───── MATERIALS PROVIDED ─────
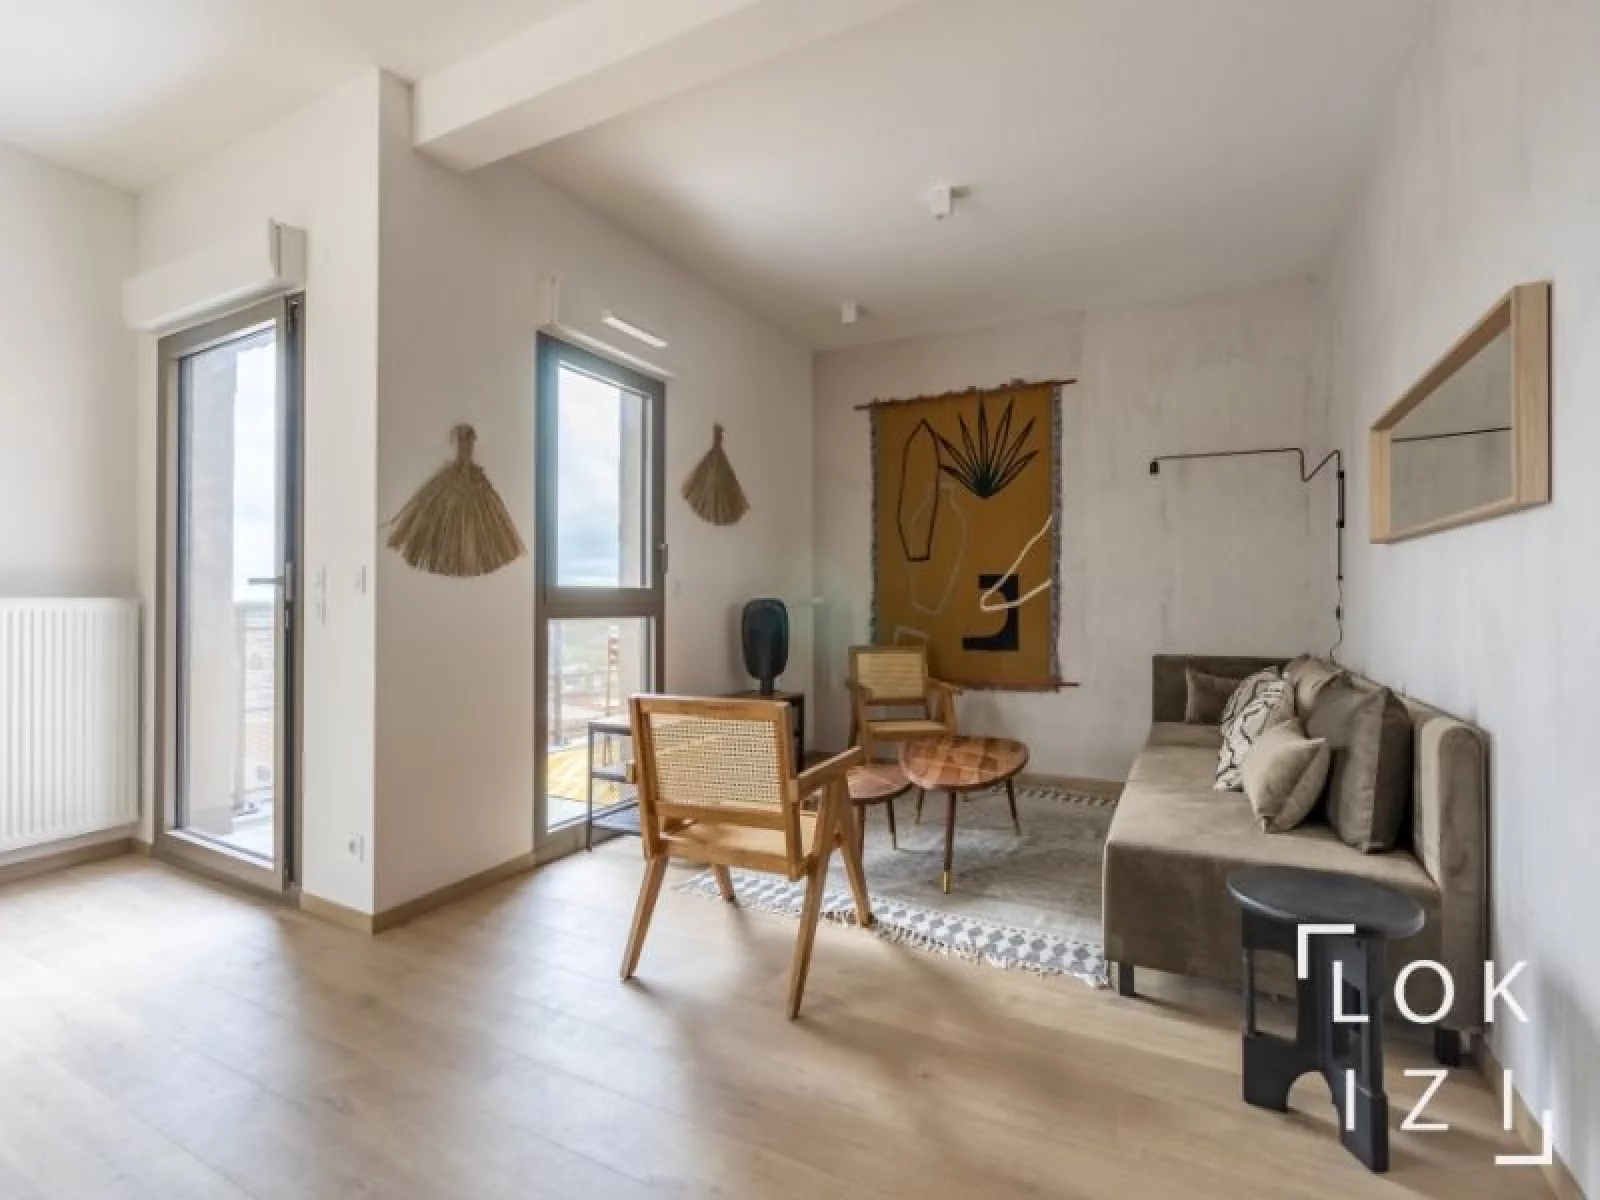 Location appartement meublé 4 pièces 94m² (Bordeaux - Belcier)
─────
───── MATERIALS PROVIDED ─────
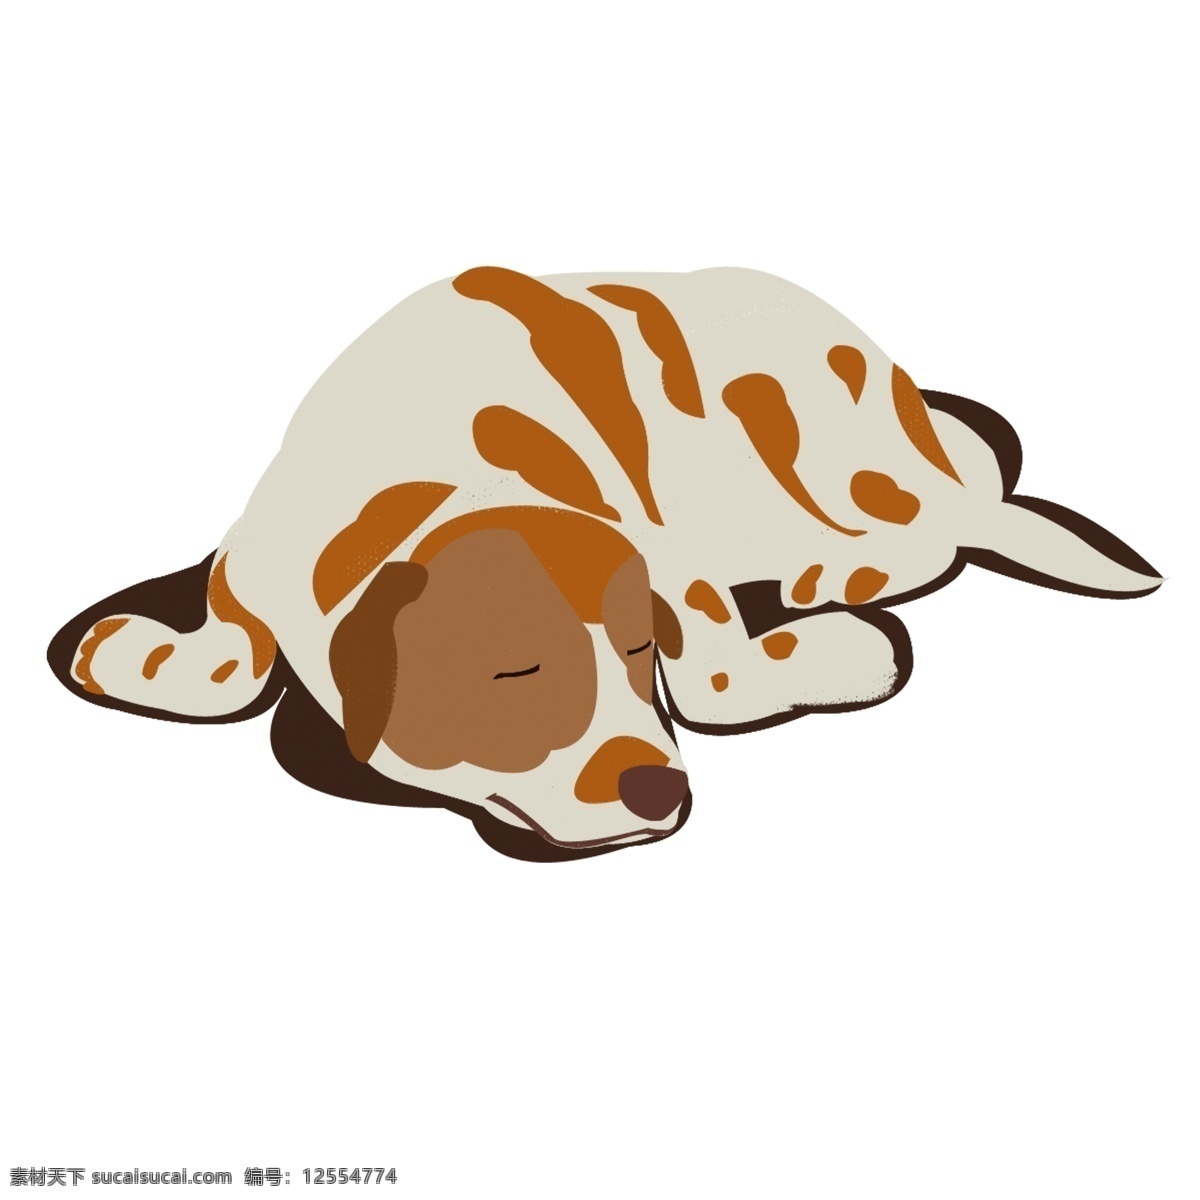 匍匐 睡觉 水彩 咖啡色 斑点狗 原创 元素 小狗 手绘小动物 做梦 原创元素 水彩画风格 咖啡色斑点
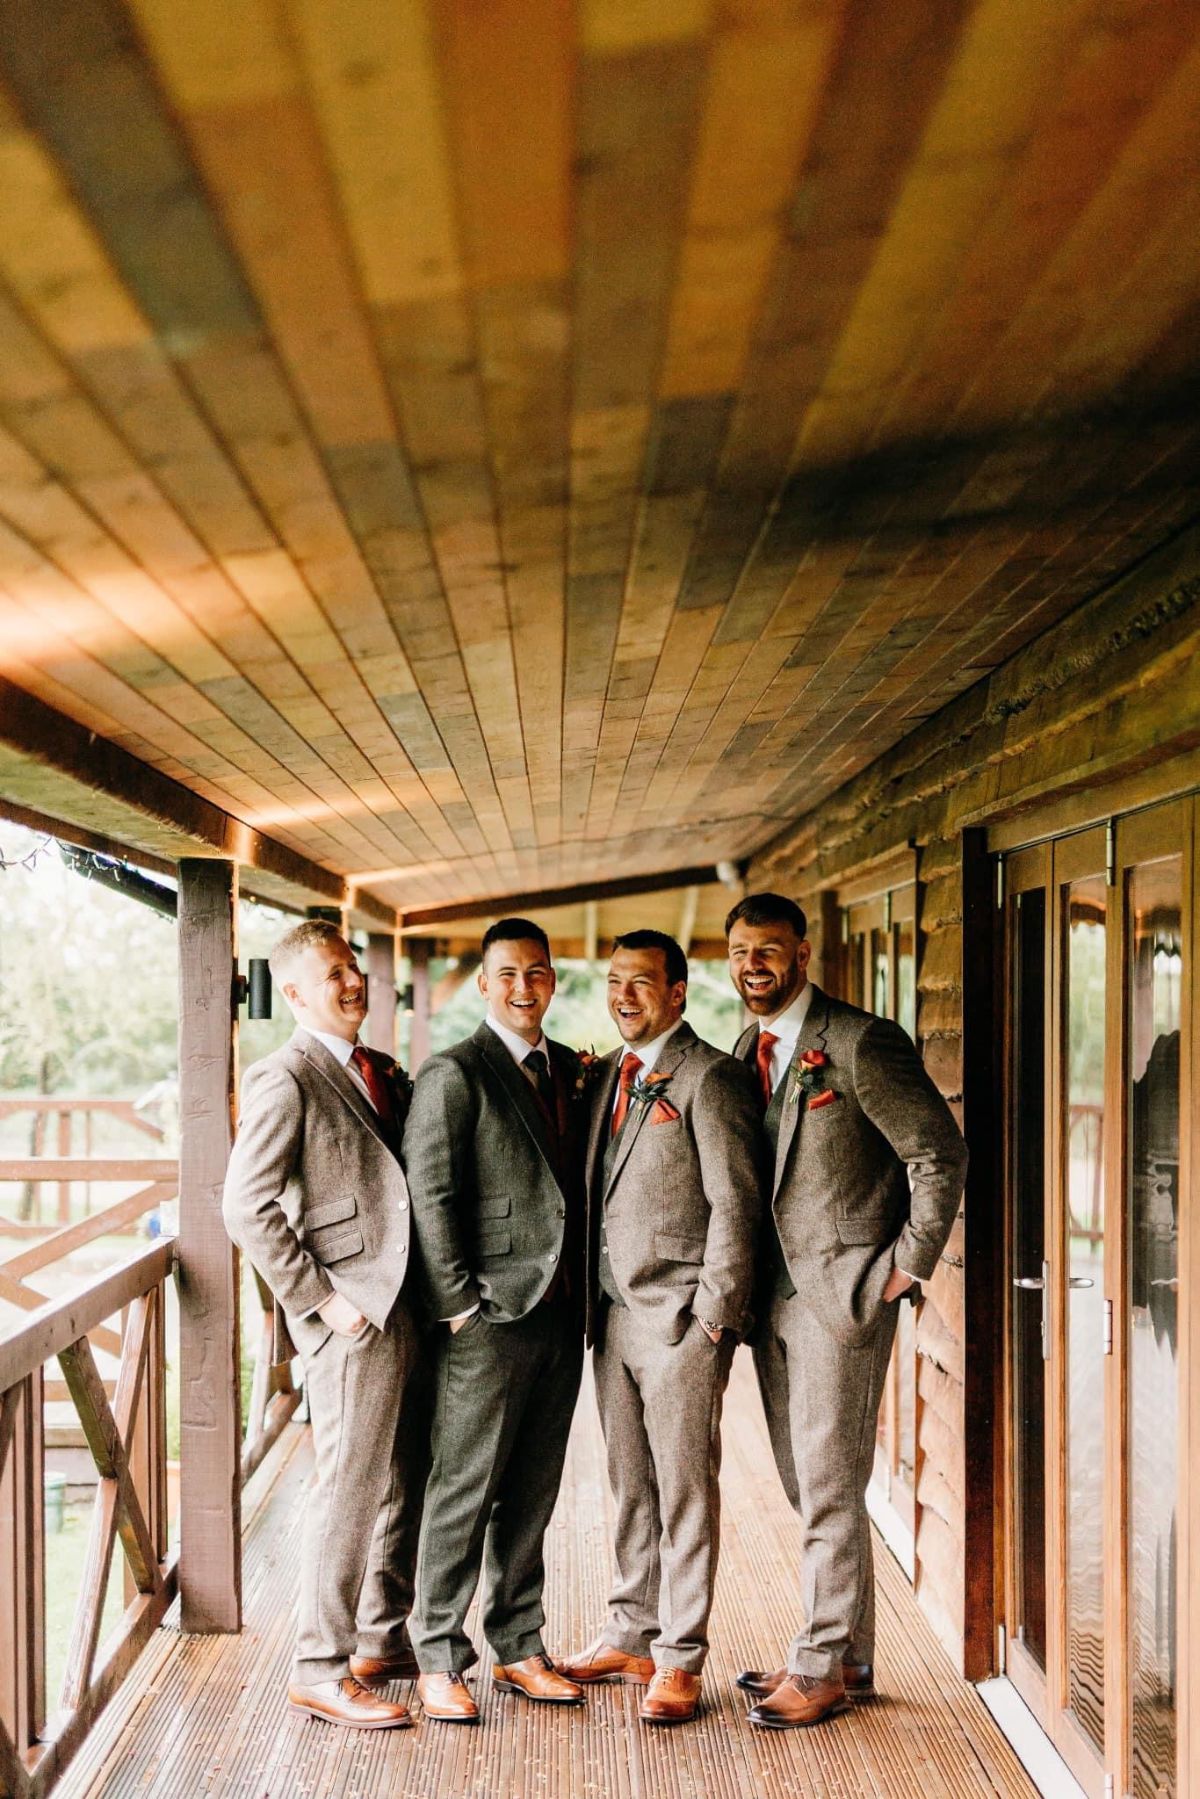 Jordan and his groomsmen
─────
───── MATERIALS PROVIDED ─────
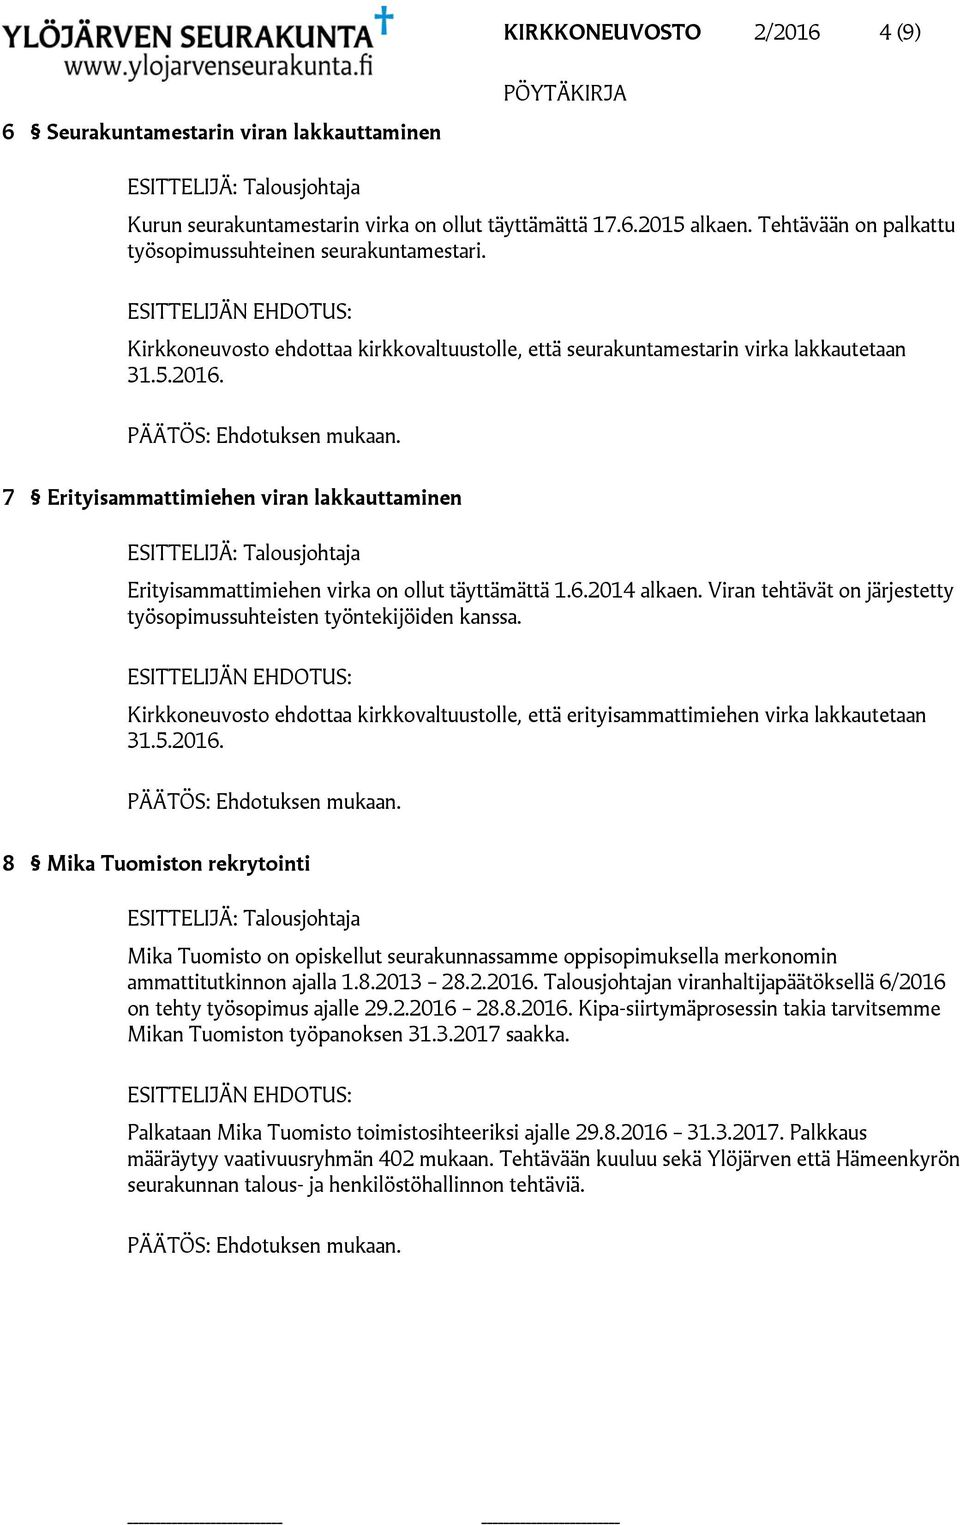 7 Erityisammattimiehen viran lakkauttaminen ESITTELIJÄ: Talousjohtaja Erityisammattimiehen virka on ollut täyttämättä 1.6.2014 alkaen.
─────
● THE TASK:
Each line between the one holding "匍匐 睡觉 水彩 咖啡色" and the one holding "Jordan and his groomsmen", inclusive, should be copied exactly as it appears above, and pictures should be omitted.

● ANSWER TO THIS TASK:
 匍匐 睡觉 水彩 咖啡色 斑点狗 原创 元素 小狗 手绘小动物 做梦 原创元素 水彩画风格 咖啡色斑点
 Jordan and his groomsmen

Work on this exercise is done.